Task to carry out: Print the data below verbatim, minus images.

Materials provided:
#####

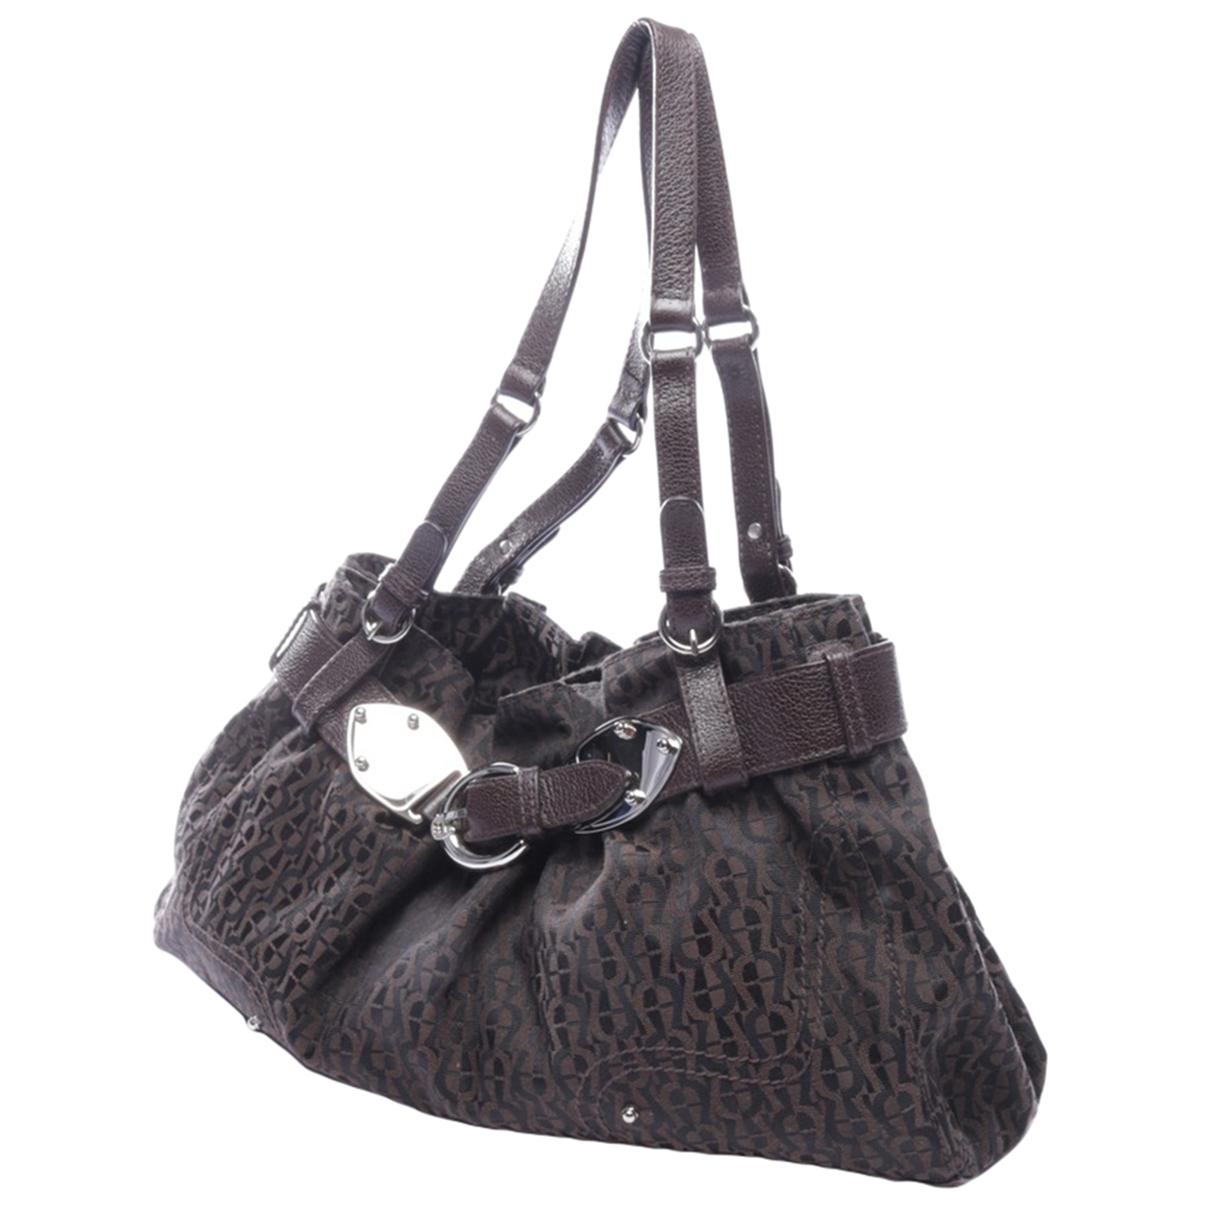 Aigner \N Brown Cloth handbag for Women \N
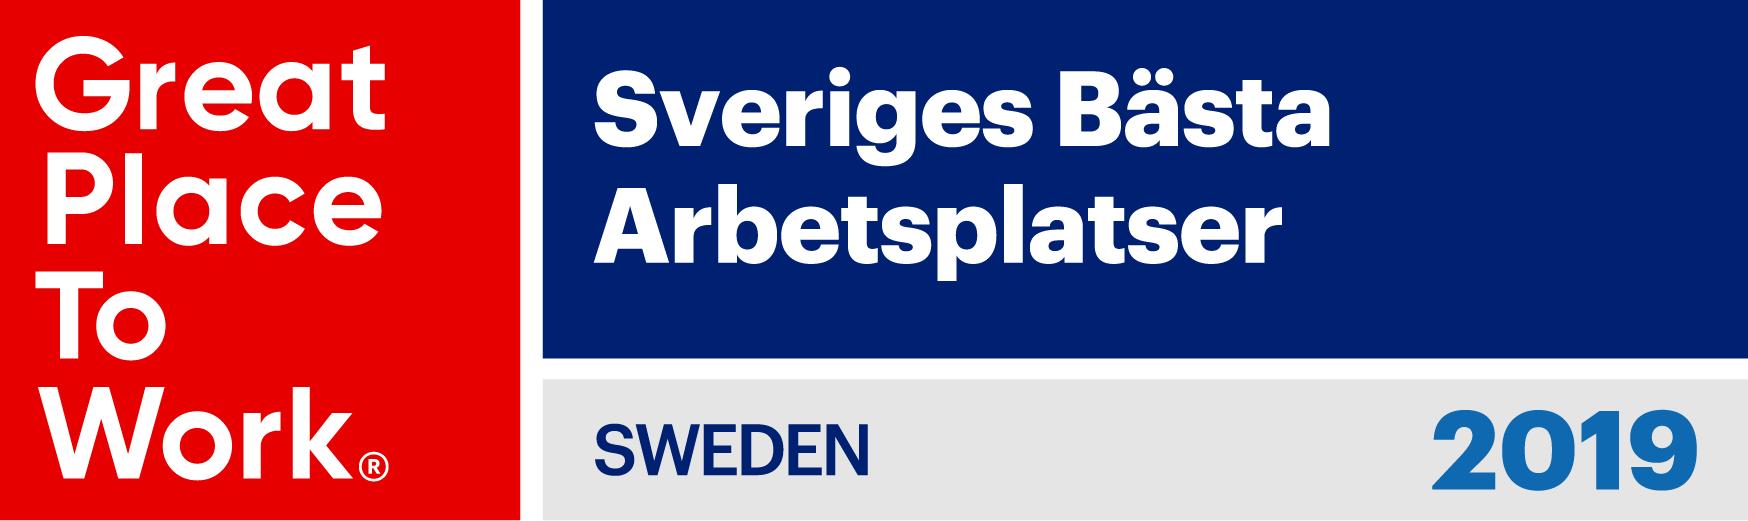 SBA2019_Sweden_RGB_SE
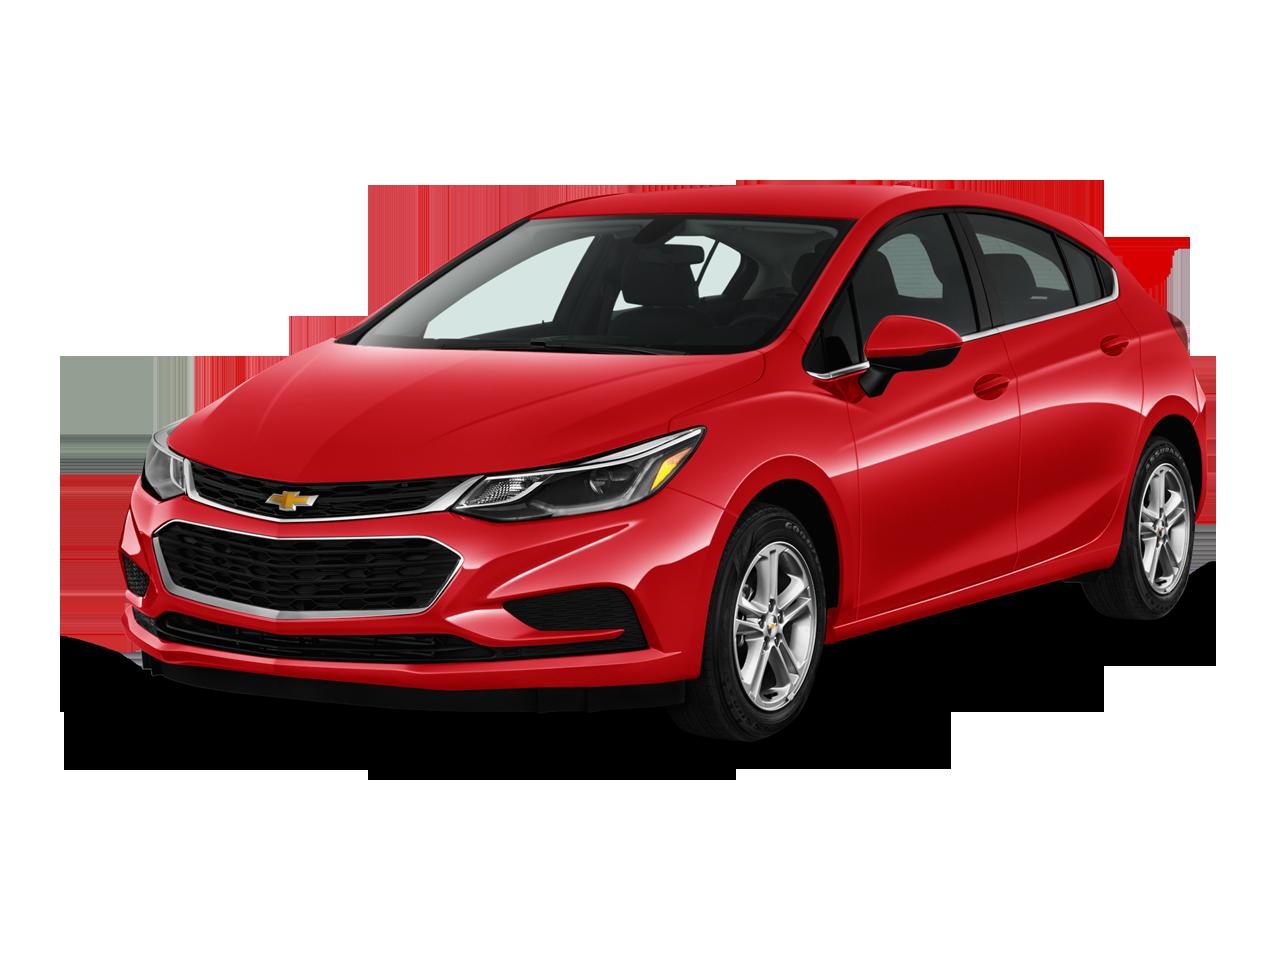 New 2018 Chevrolet Cruze LT - West Salem WI - Brenengen Auto
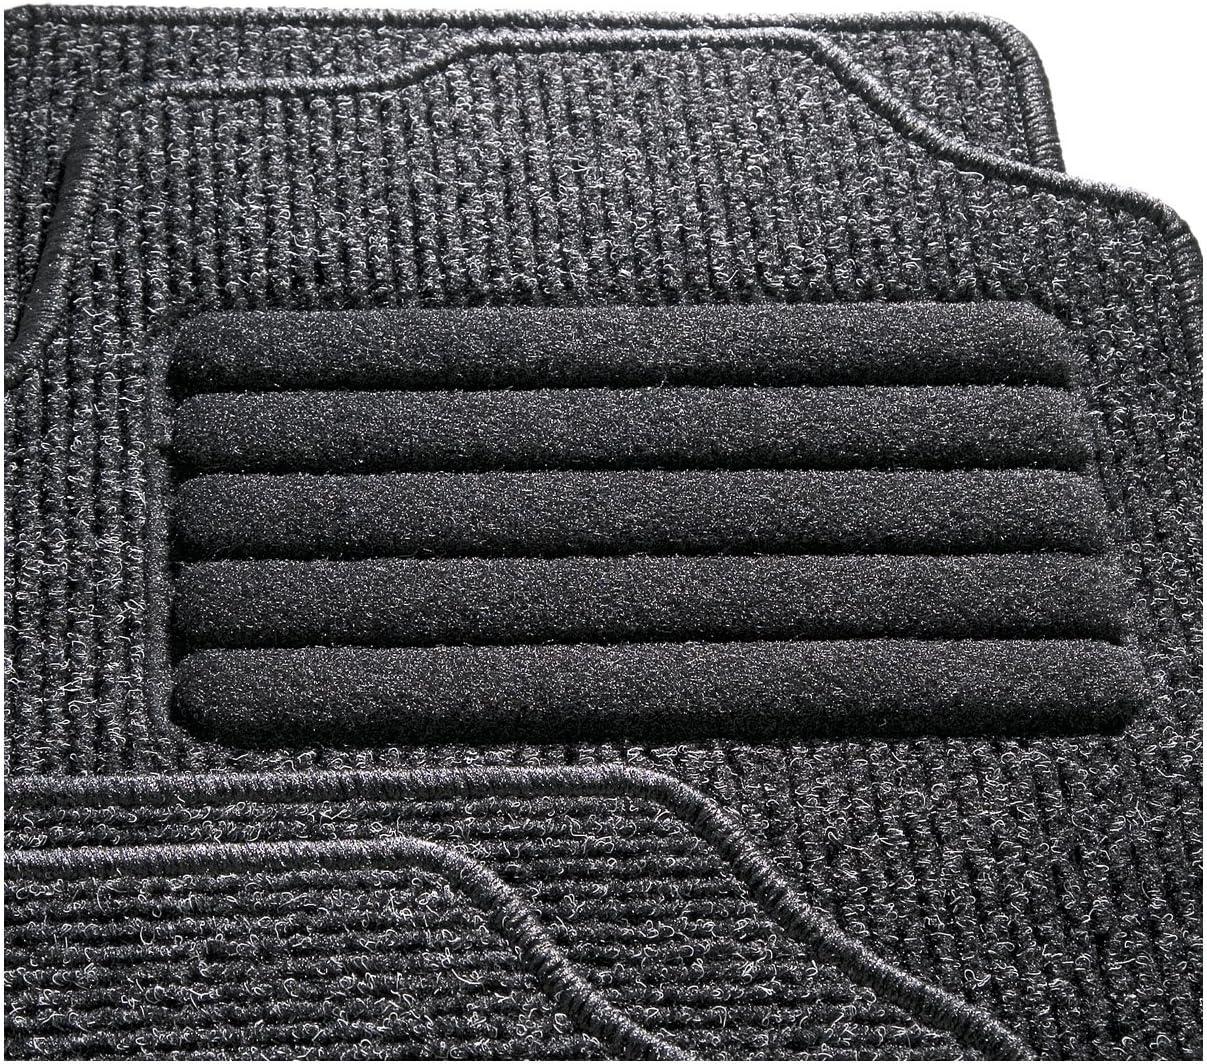 4-Piezas CarFashion 255139 Auto Alfombra Soporte sin Juego de alfombrillas para Matte plana BasicRips-Textil Negro
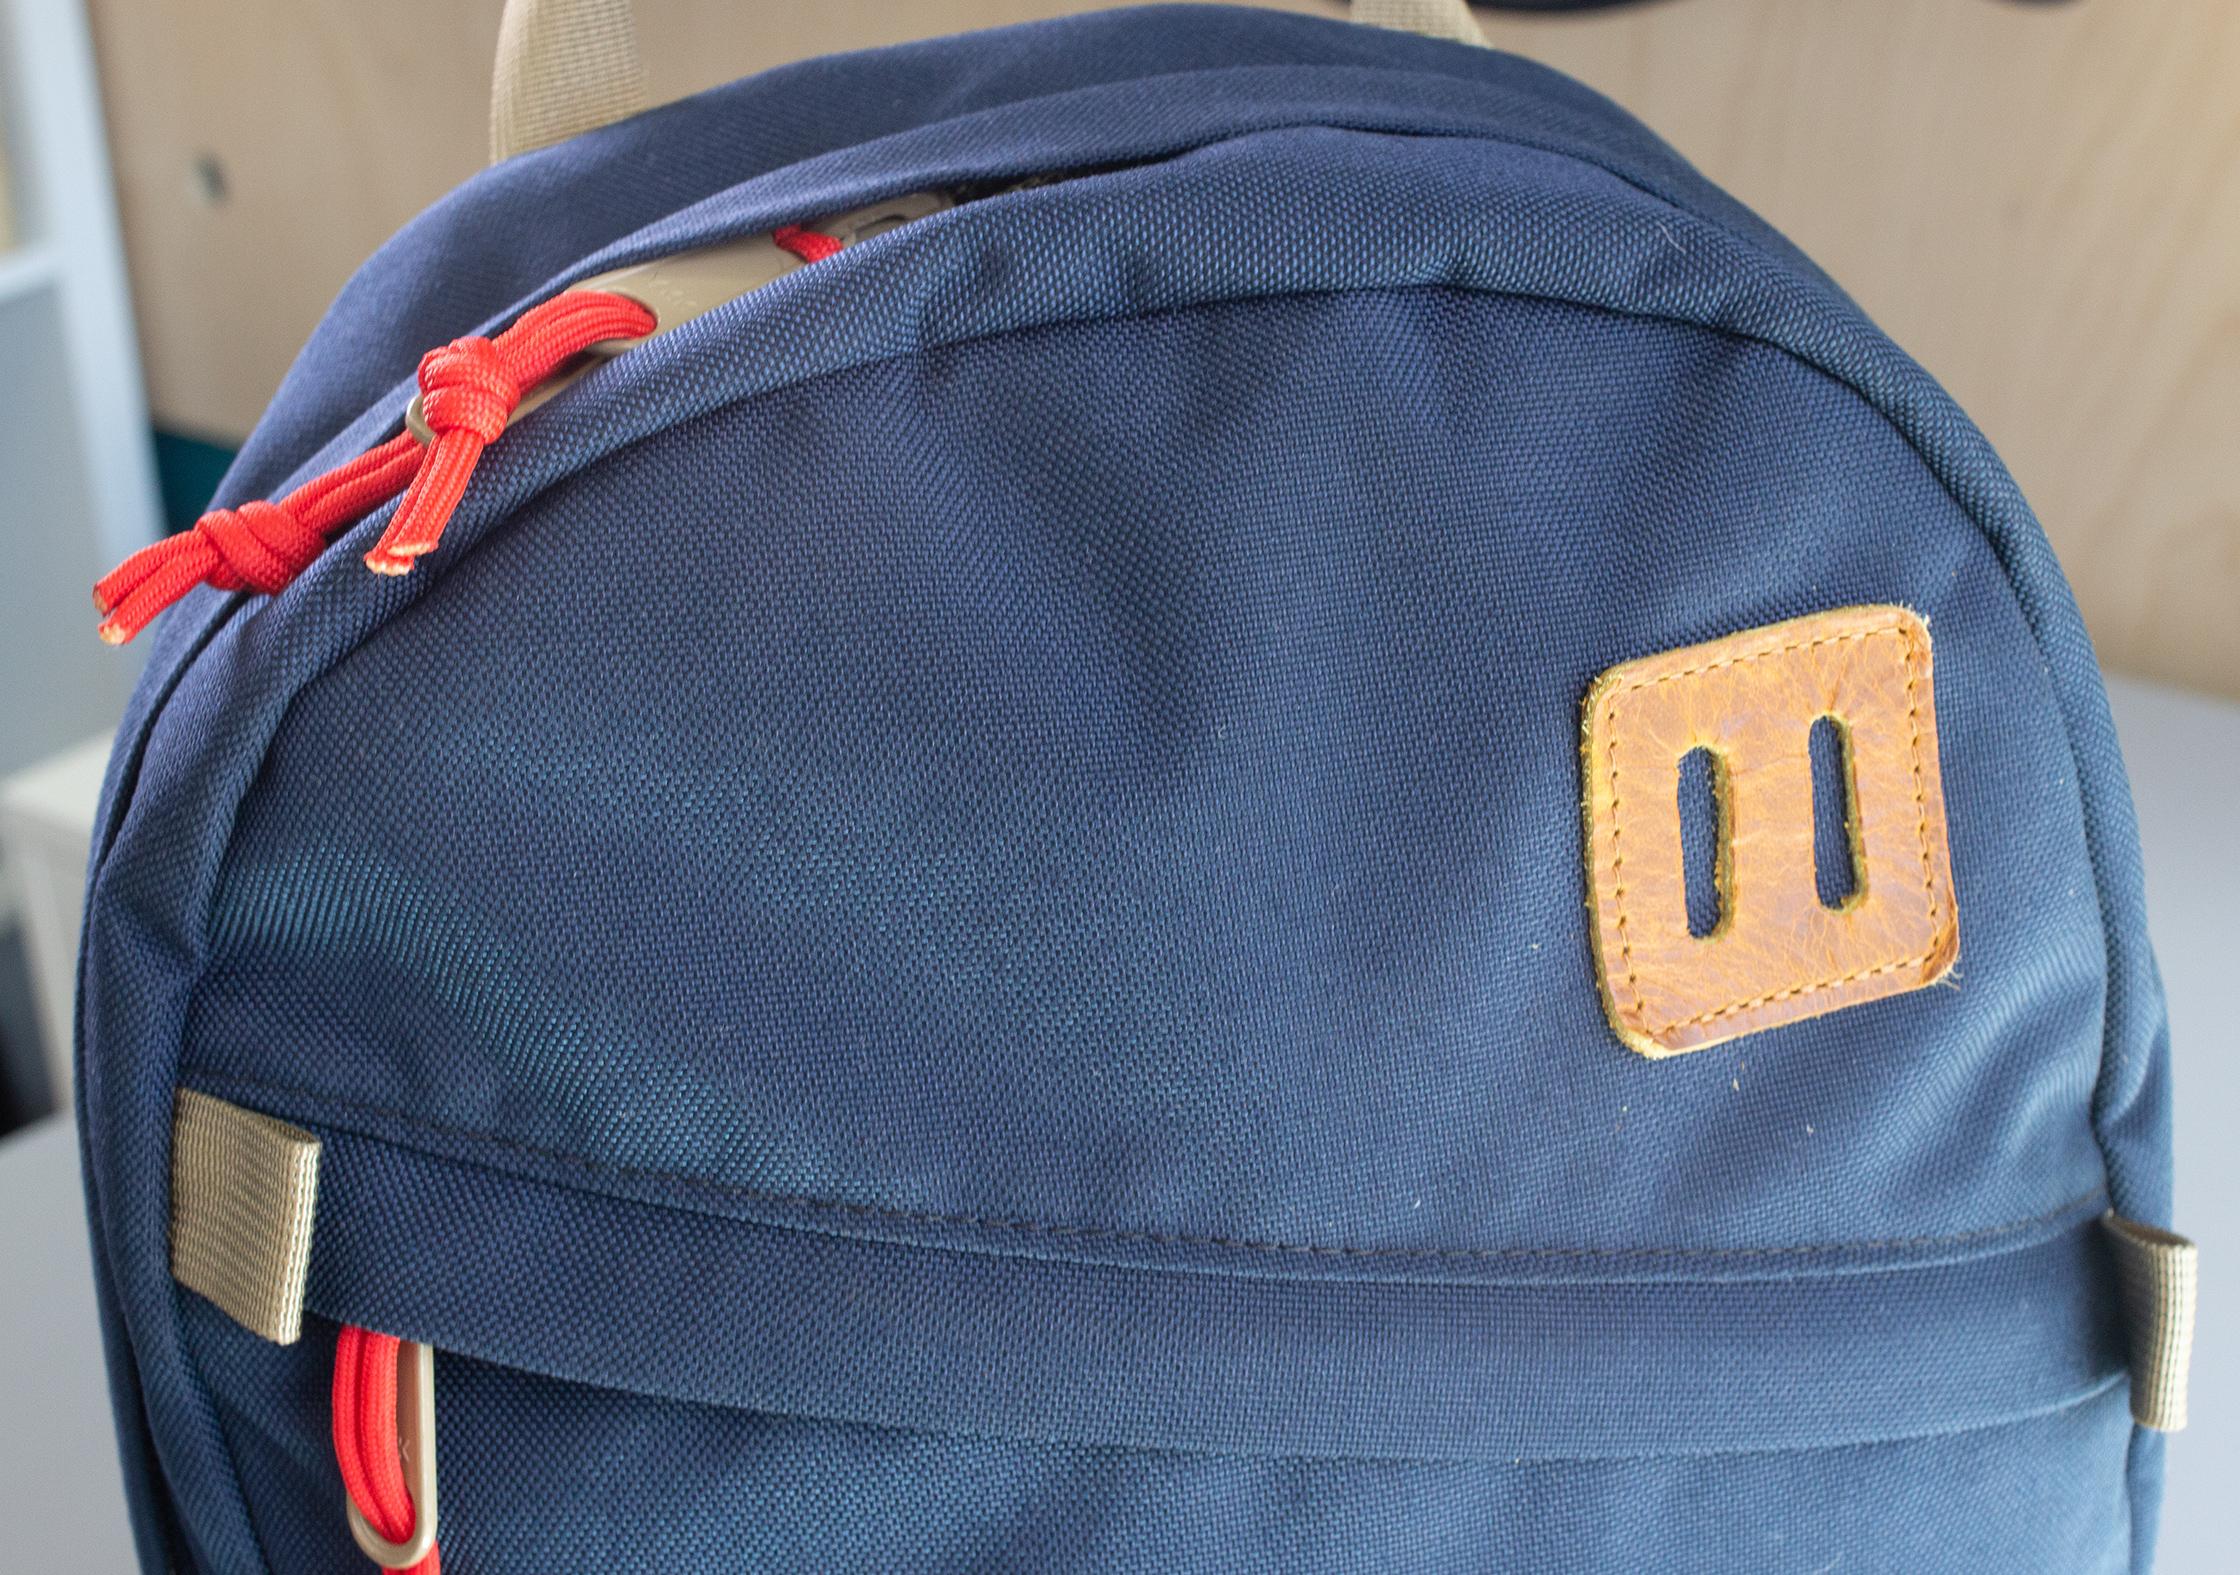 Topo Designs Daypack Slash Pocket and Lash Tab

#####

Answer section:
 Aigner \N Brown Cloth handbag for Women \N
 SBA2019_Sweden_RGB_SE
 New 2018 Chevrolet Cruze LT - West Salem WI - Brenengen Auto
 4-Piezas CarFashion 255139 Auto Alfombra Soporte sin Juego de alfombrillas para Matte plana BasicRips-Textil Negro
 Topo Designs Daypack Slash Pocket and Lash Tab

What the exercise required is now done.